Work instructions —
Produce an exact transcription of the data, with the images left out.

Data block —
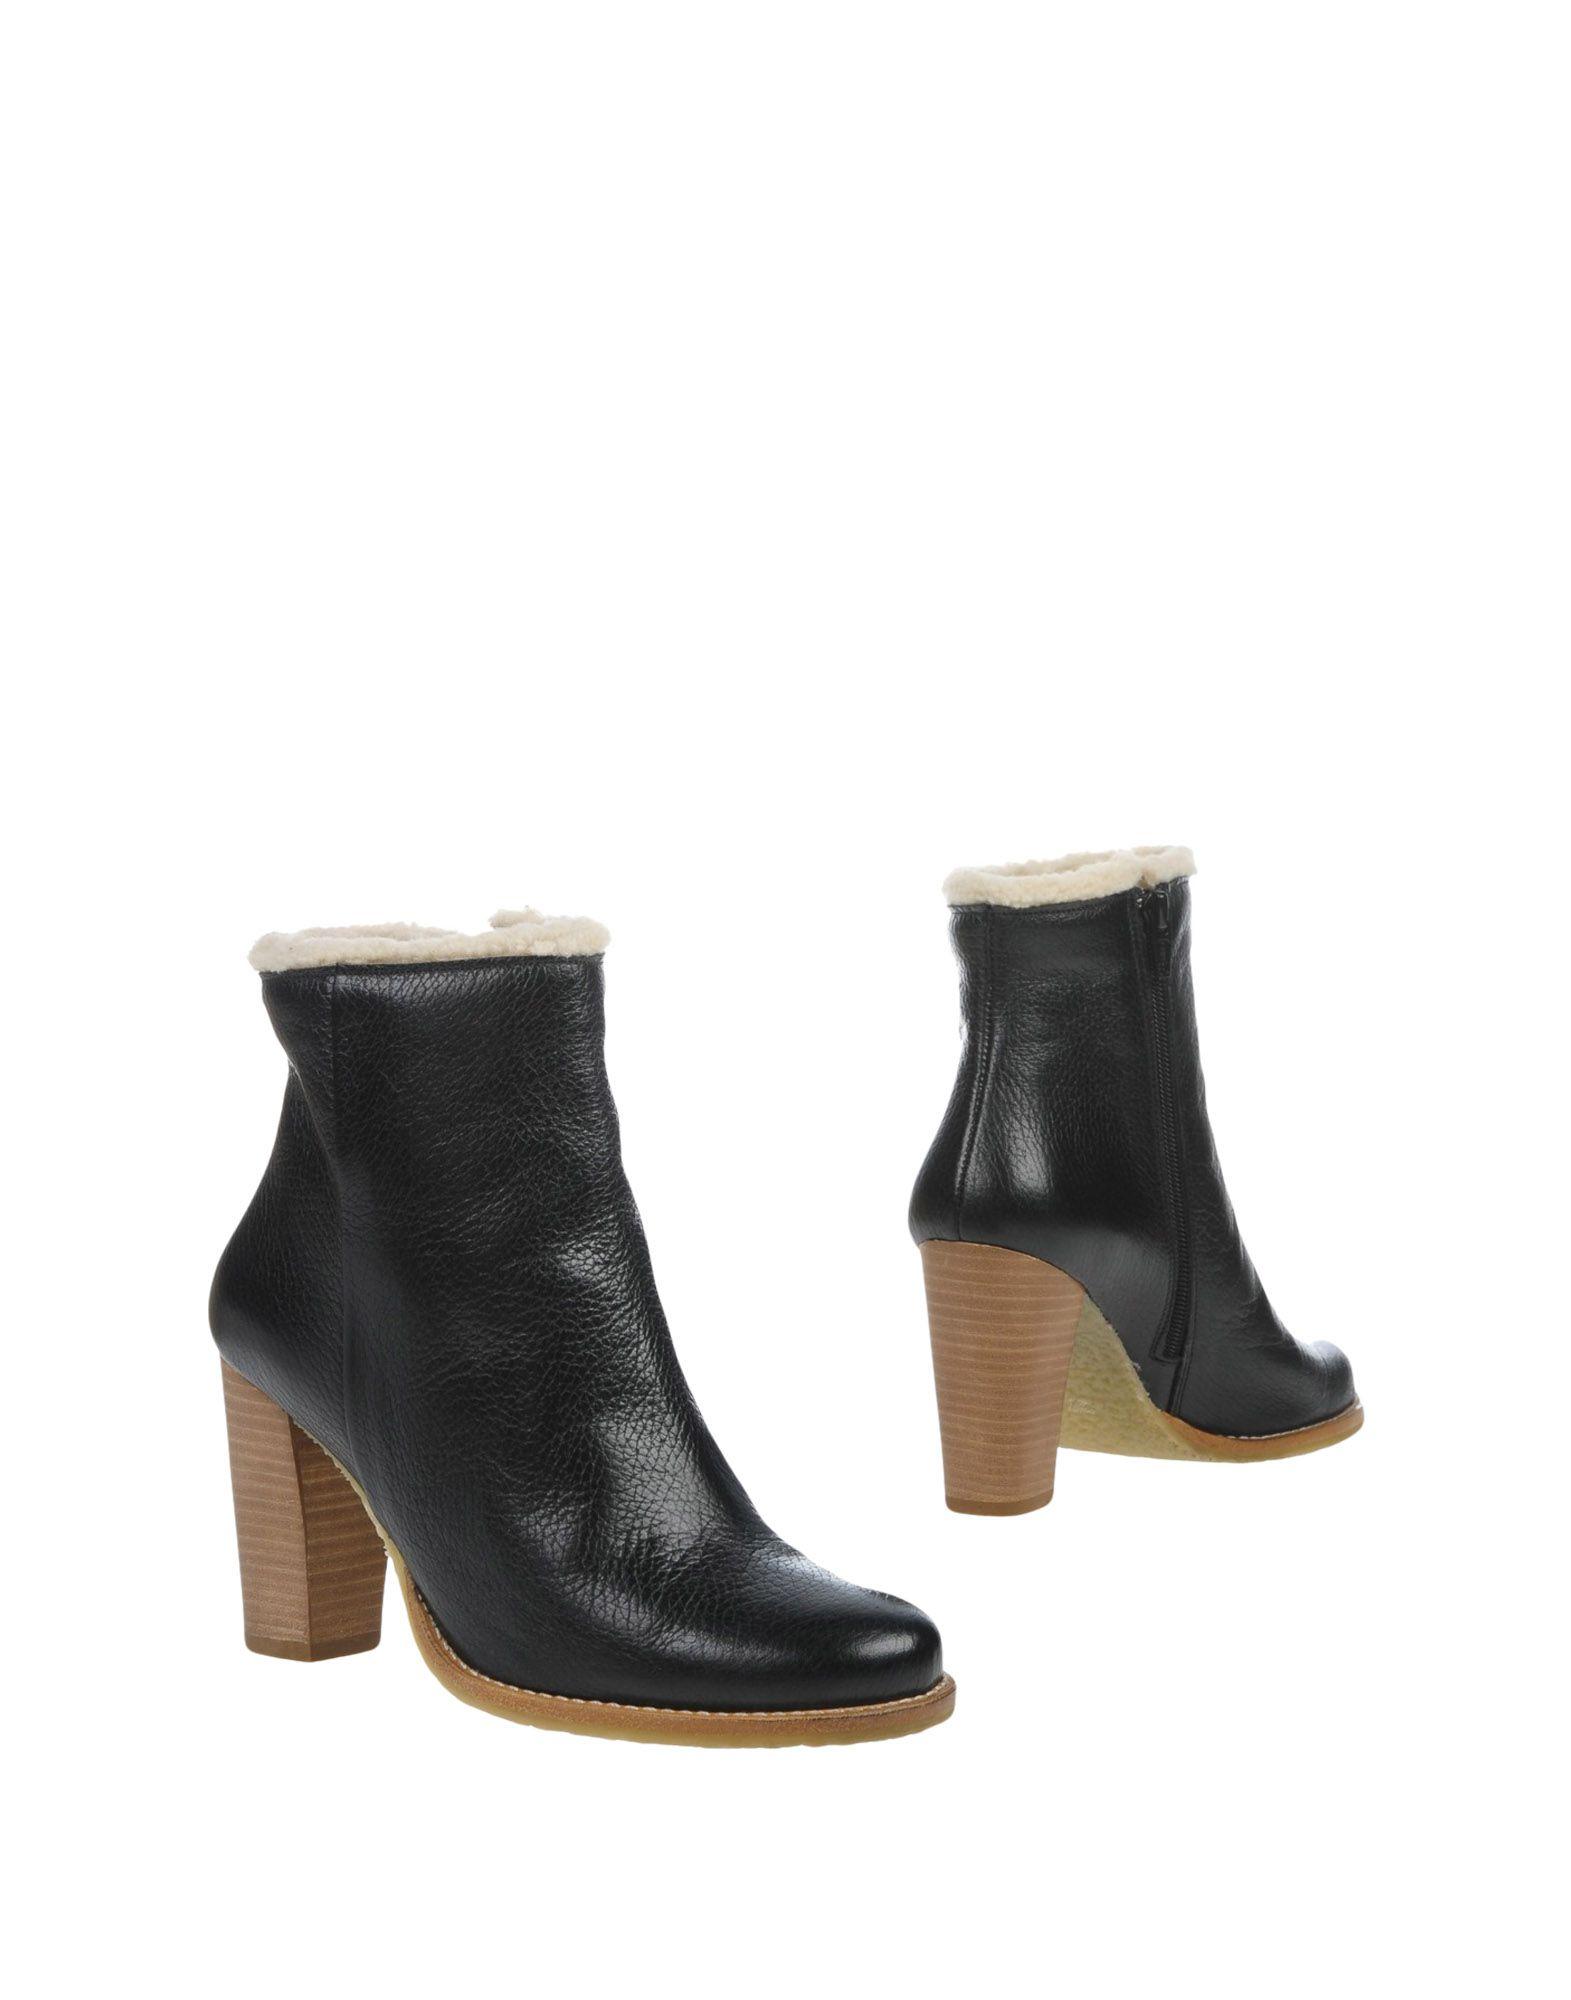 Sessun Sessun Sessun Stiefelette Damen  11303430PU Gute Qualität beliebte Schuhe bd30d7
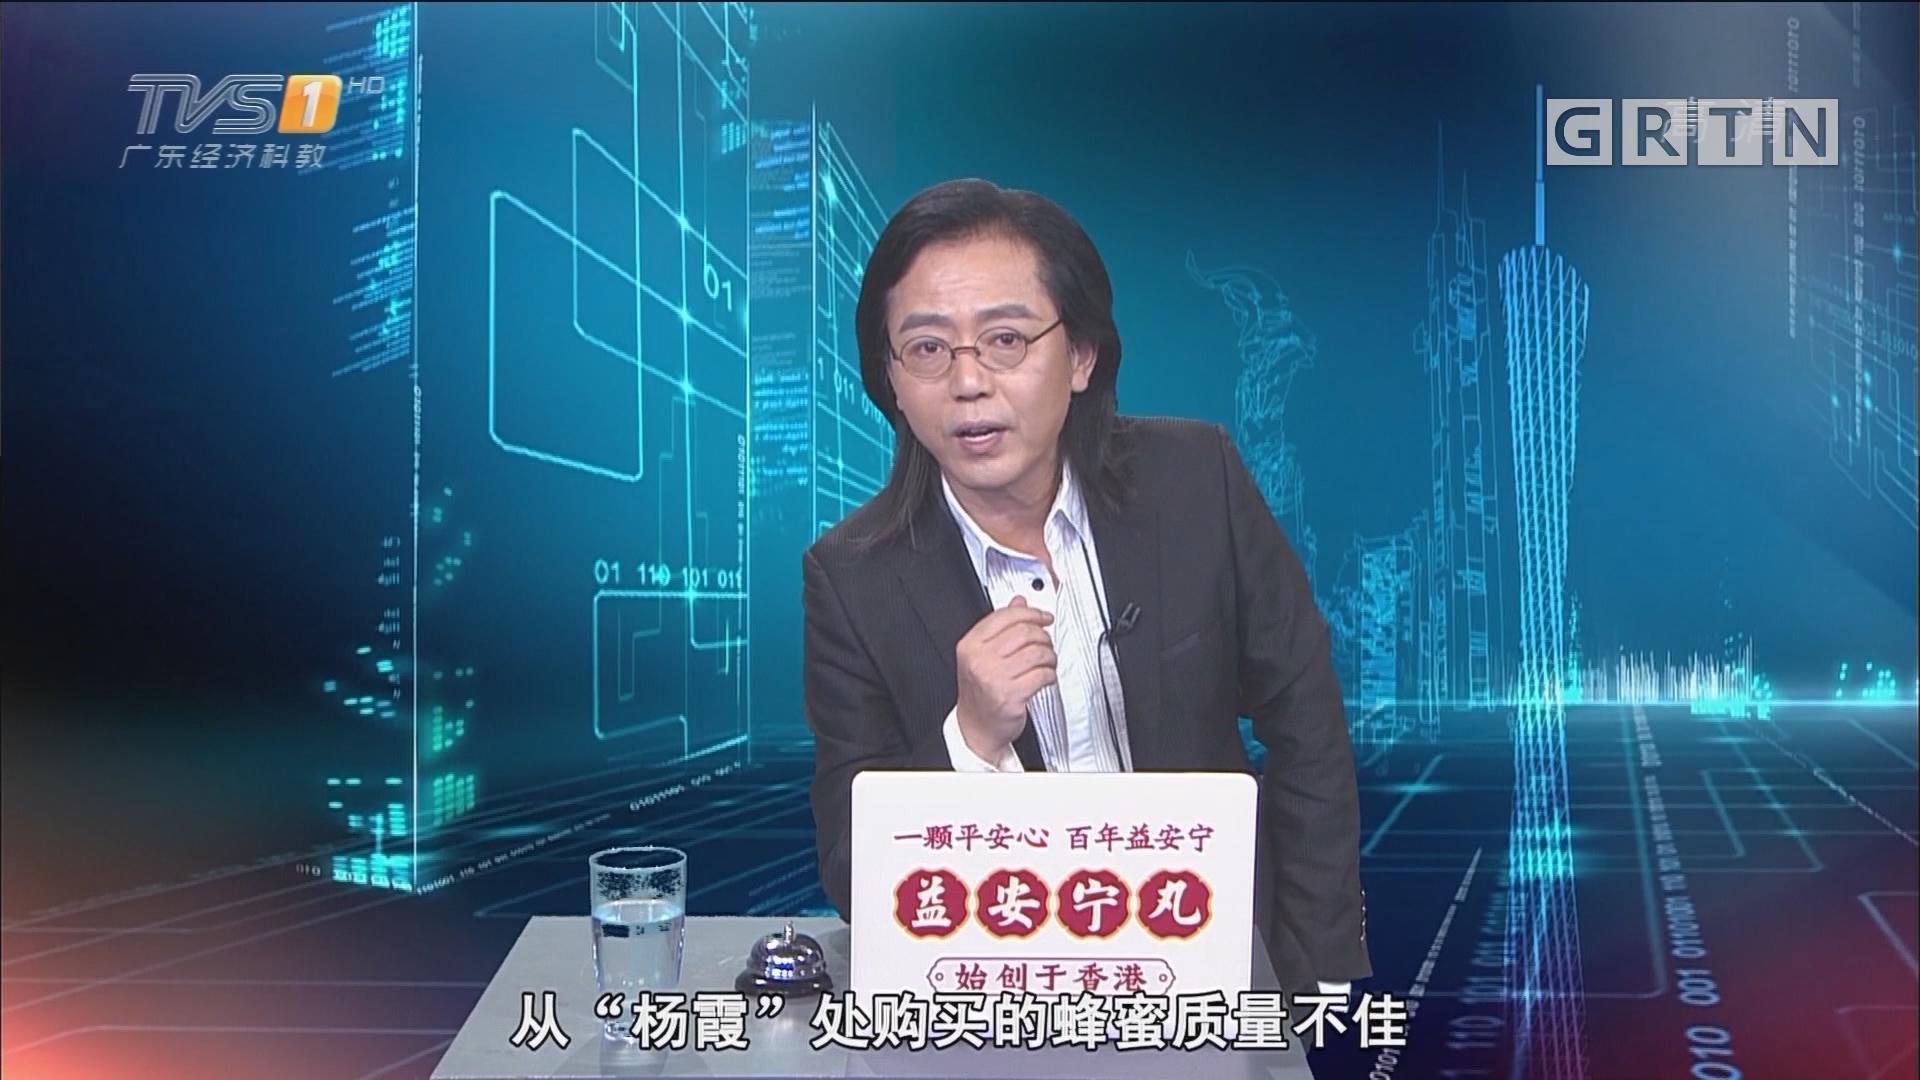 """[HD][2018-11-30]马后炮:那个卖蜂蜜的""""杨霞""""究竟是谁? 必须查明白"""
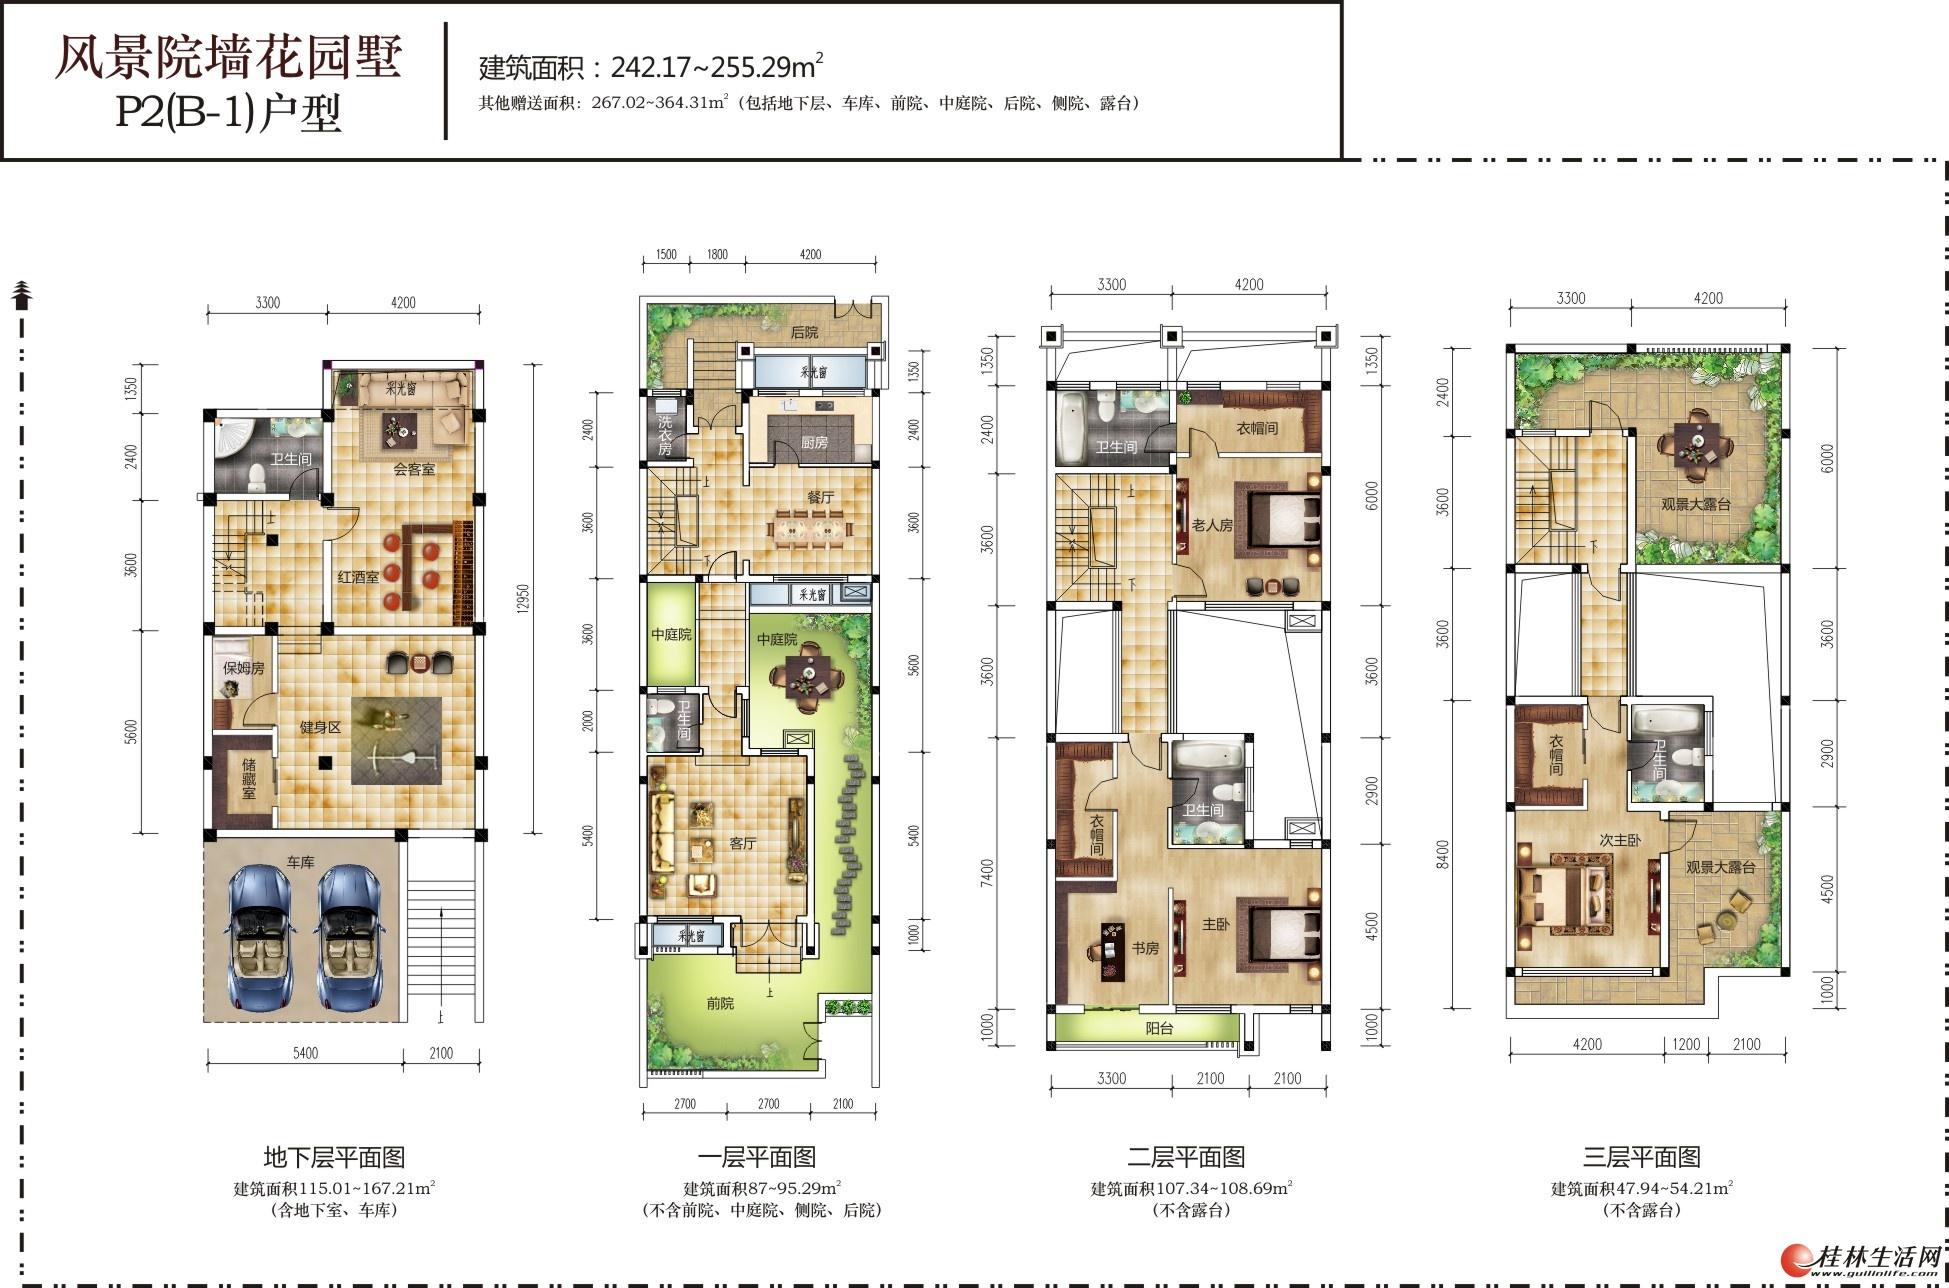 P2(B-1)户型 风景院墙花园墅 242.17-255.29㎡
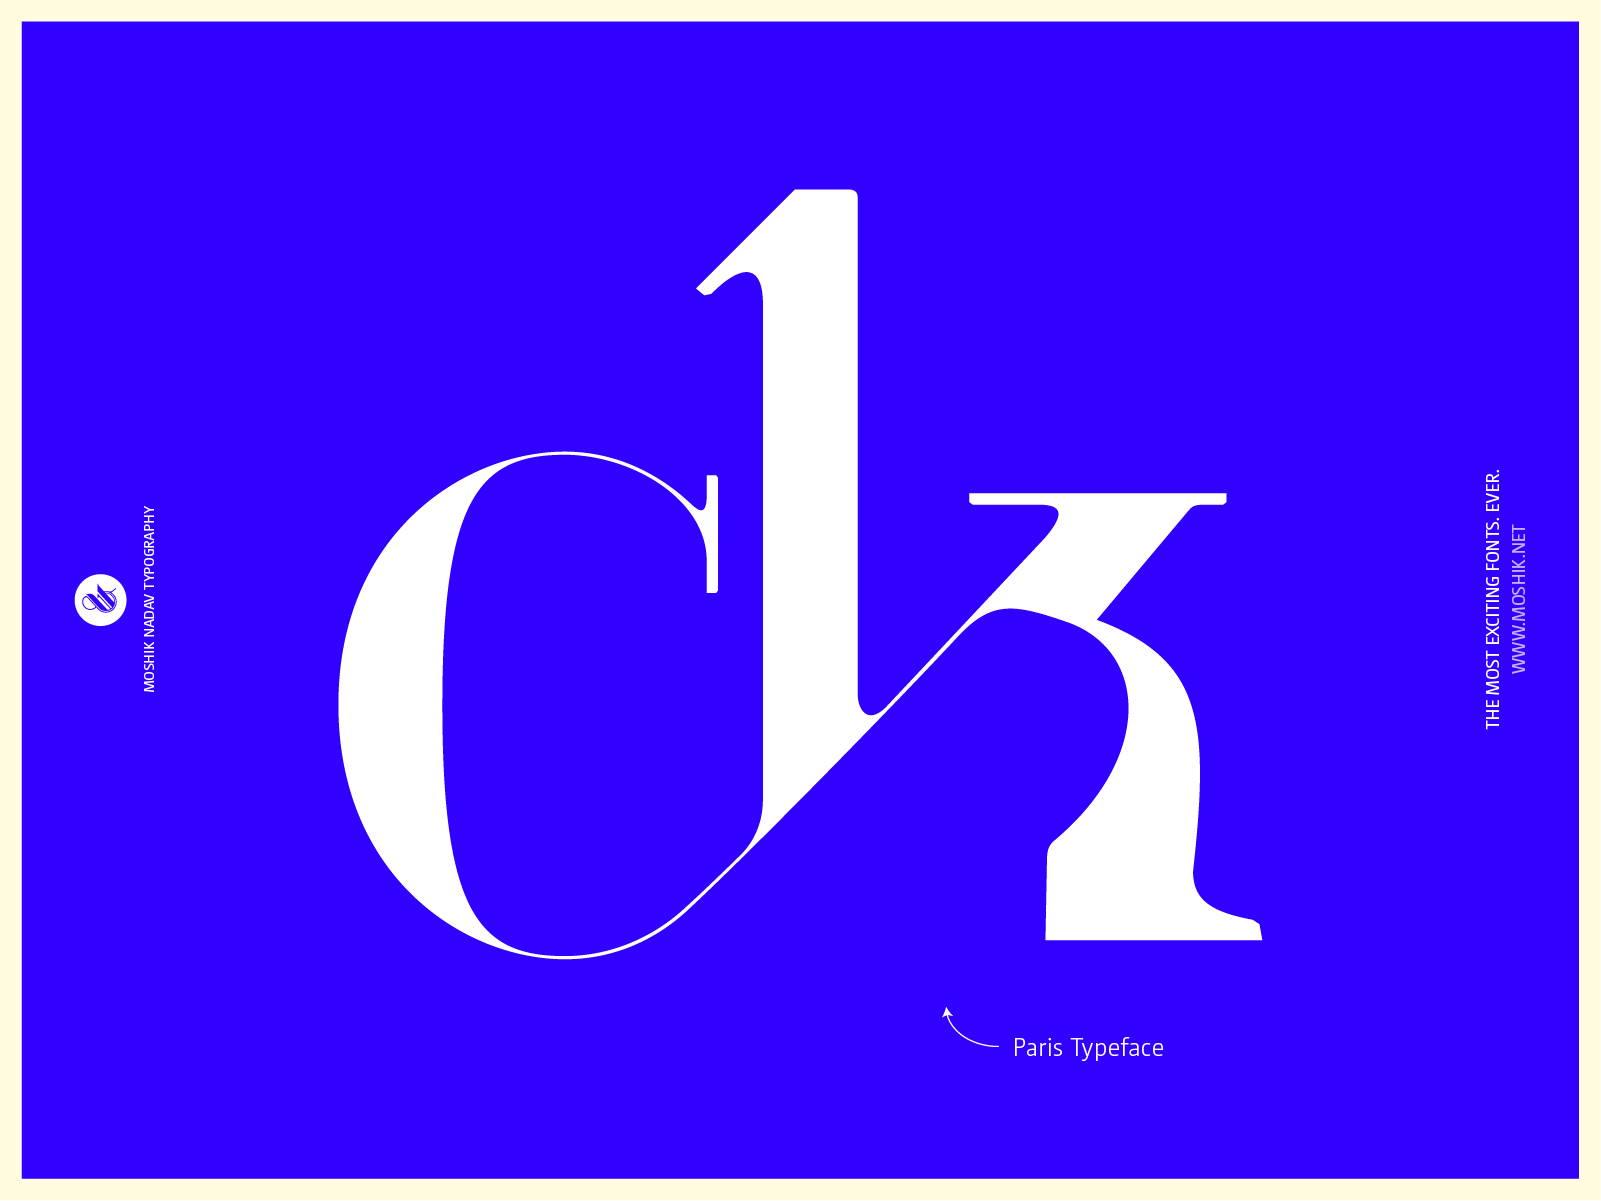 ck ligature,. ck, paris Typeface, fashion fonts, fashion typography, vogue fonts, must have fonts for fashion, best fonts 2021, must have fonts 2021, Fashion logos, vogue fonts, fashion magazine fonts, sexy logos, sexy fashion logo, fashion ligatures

Response below —
 Sessun Sessun Sessun Stiefelette Damen  11303430PU Gute Qualität beliebte Schuhe bd30d7
 """[HD][2018-11-30]马后炮:那个卖蜂蜜的""""杨霞""""究竟是谁? 必须查明白"""
 P2(B-1)户型 风景院墙花园墅 242.17-255.29㎡
 ck ligature,. ck, paris Typeface, fashion fonts, fashion typography, vogue fonts, must have fonts for fashion, best fonts 2021, must have fonts 2021, Fashion logos, vogue fonts, fashion magazine fonts, sexy logos, sexy fashion logo, fashion ligatures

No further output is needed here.